Постепенно Белов тоже привыкал к Саше и уже, пожалуй, не испытывал особых сожалений, что взял его с собой, хотя понимал, что ровность их отношений еще не прошла проверки, не споткнулась ни обо что на пути, который до конца гладким быть не может. Иногда, вспоминая все, что приключилось с ним, Белов вспоминал и комбата, и тогда вновь думал: что же в конце концов стряслось с той батареей, до которой он так и не добрался, вышла ли из окружения, нашлась ли?..

Большой снег повалил неожиданно, стало суше, но и холоднее, небо свежо засинело; красное солнце, продравшись сквозь чащобу, розовыми бликами засияло на молочной коре берез, колкий морозец прихватил лицо, в разреженном воздухе яснее ощущались звуки и запахи леса…

Дым они почуяли, когда по глубокому уже снегу взбирались на косогор, куда, отделившись от лиственного леса, зеленым клином выползал хвойный массив, и вскоре на краю молодого ельничка увидели летний егерский сруб, на снегу горел костер, а возле костра на лапнике сидели трое наших солдат. Над костром висел котелок, один из солдат сказал: «Ну, братва, кашу сварганил, пальцы оближете!»
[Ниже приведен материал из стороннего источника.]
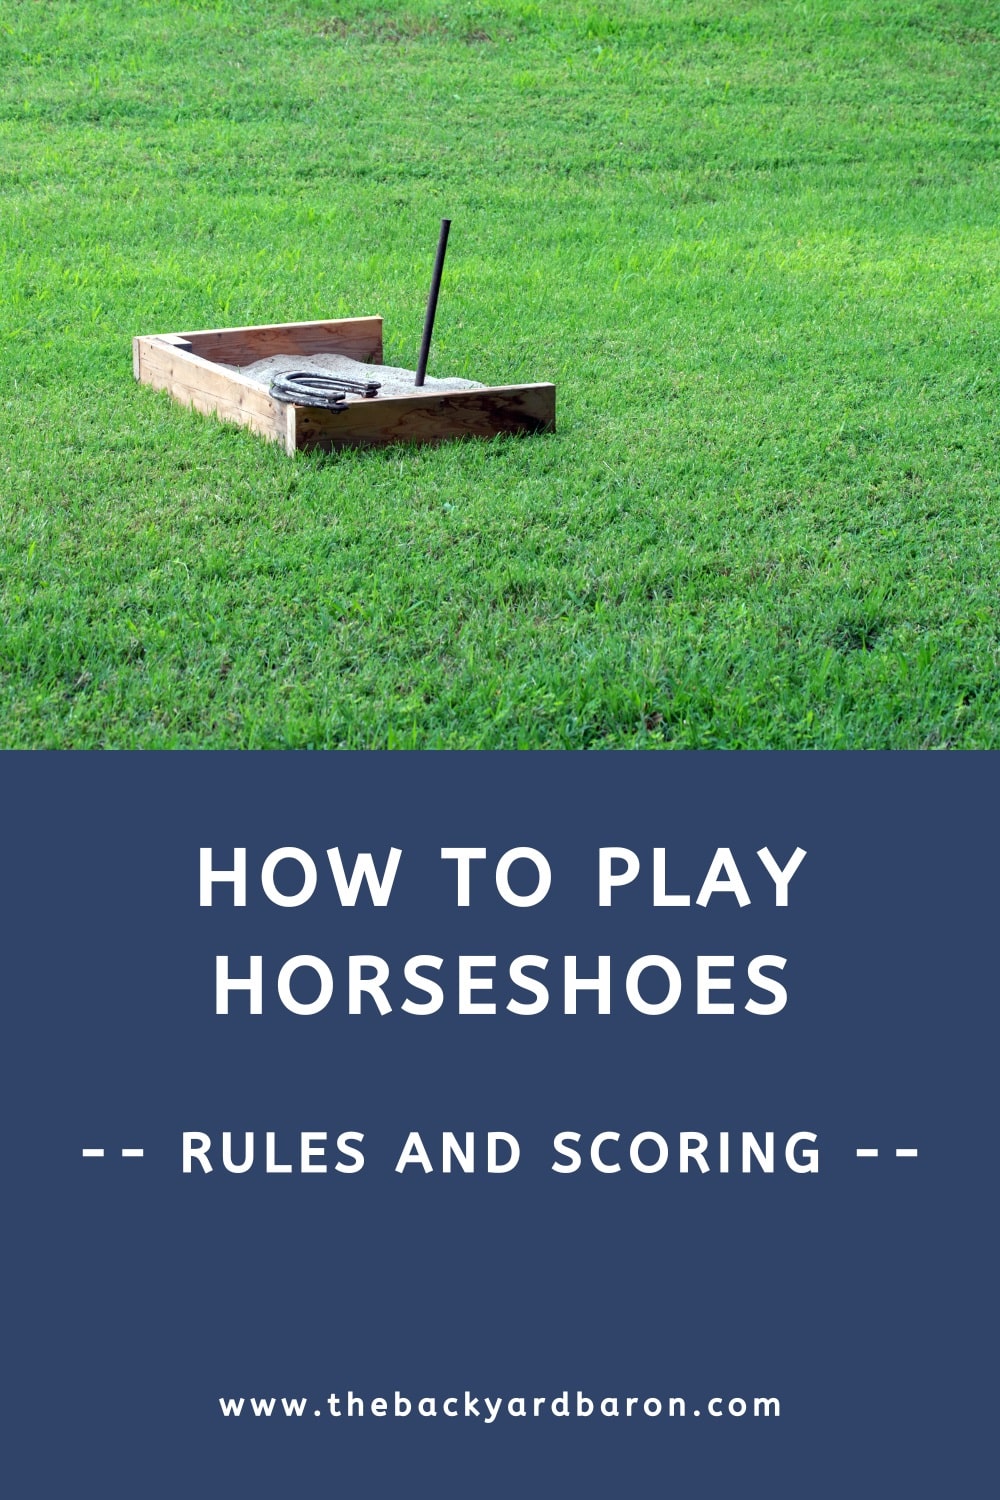 How to play horseshoe pitching

И прежде чем Белов успел поднять руку, удержать Сашу, тот шагнул из-за кустов, выставив на всякий случай автомат.

— Кто такие? — окликнул Саша.

Двое схватились за карабины, но третий, в шинели без ремня, цыкнул.

— Вы что, очумели! Не видите, свои!

Вслед за Сашей вышел и Белов.

— Костер загасите, — зло сказал он, недовольно изучая незнакомцев. — Вояки, мать вашу, нашли место, где жечь. Учил вас немец, да недоучил!

Те, что с карабинами, сквозь узкие щели глазниц грустно смотрели на Белова и Сашу. Были они по- восточному темнолицы, высокоскулы.

«Вроде узбеки, — подумал Белов. — Лицо третьего показалось знакомым — осунувшееся, рябое. — В колонне, кажись, был со мной. Неужто ушел там же, у переезда?» — присматривался Белов.

— Куда путь держите? — спросил он.

— Я утек из плена. А эти — окруженцы. — Рябой назвал полк, бывший в арьергарде дивизии, прикрывавшей отход армии. — Самаркандские они. Народ южный. Три недели, как на фронт прибыли, а вот попали уже! Ноги подморозили. Вчерась в лесу встретились мы. Теперь вот к своим вместе топаем.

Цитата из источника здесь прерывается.